Marc...might I add that you rather remarkably skip over the main issue of agency in determining Cuba's future when Fidel passes - the Cuban people. The American Left - whatever that might mean to you - has hardly been the key to continuation of Castro's regime and they will hardly be the determinant factor in what comes after. Liberals have been pretty firmly opposed to the economic boycott and travel restrictions for many years (despite typical Clintonian caving to the Republicans). I just don't see how Chomsky's legions are going to make much difference one way or the other. The biggest danger to Cuba's future is that after Castro's demise the right-wing will push not for reform, democratization and shifting gears toward a modern entrepeneurial economy, but for maximalist market domination of all aspects of Cuba's economy and society and the imposition of a pliant government heavily influenced by exiles . That is an extreme scenario and would probably mean something approximating a civil war, cueing direct U.S. intervention, but it's pretty obviously the fantasy harbored by many in Miami and their allies in the Beltway Ideology Factories. Whatever happens, it won't be according to a blueprint put forward by The Left.

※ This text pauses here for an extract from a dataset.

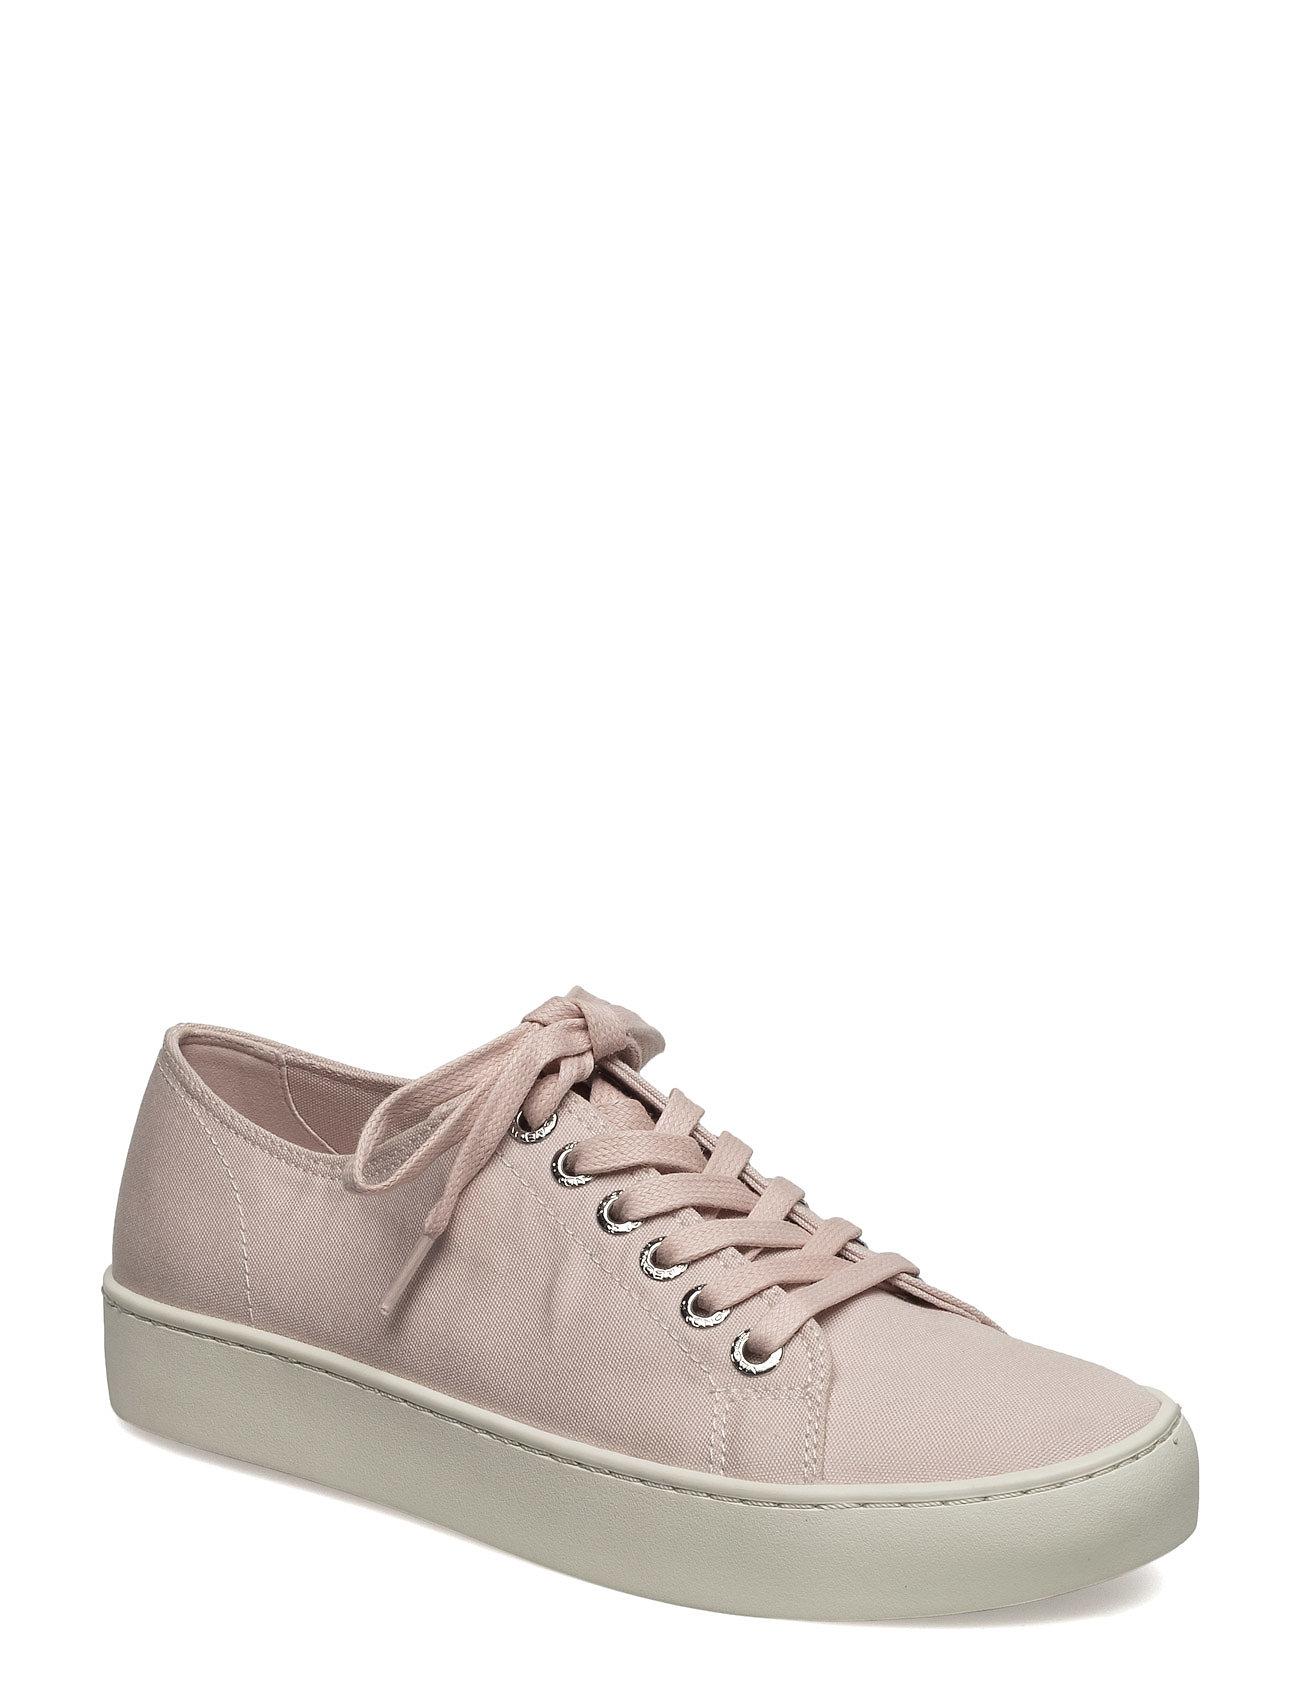 Ruby VAGABOND Sneakers til Damer i

Democratically-minded folks around the world should be speaking out on human rights in Cuba as elsewhere, but it's not up to us to come up with a post-Castro strategy for Cuban reform. That's precisely the kind of hubris that makes the neo-cons so dangerous, delusional and, ironically, the inept heirs of the time-worn Leftist "solidarity" bullshit - a scenario in which Americans of extreme ideological bent and little more than academic, ivory tower credentials assume that they have the formula for global liberation and - rather than simply and responsibly asserting the limitations of our military power, the potential benefits of trade and economic interdependence and, thus, proposing a humane, rational, even-handed U.S. foreign policy combined with judicious use of foriegn aid and economic incentives - they begin designating their allies-in-exile, forming internationalist cabals for overthrowing governments and sending material aid to various and sundry militant factions they've deemed their comrades. All in an effort to exert their own will as righteous agents of the wretched of the Earth and the unjustly oppressed in a global "revolution". Generally a prelude to some combination of disaster and disappointment...and at best a diversion from making sure that our own house is in order when we're dealing with tough issues abroad. Many eggs are broken - according to the Leninist maxim - but the omelettes never seem to turn out to be as palatable as promised (Bahgdad being the current case in point).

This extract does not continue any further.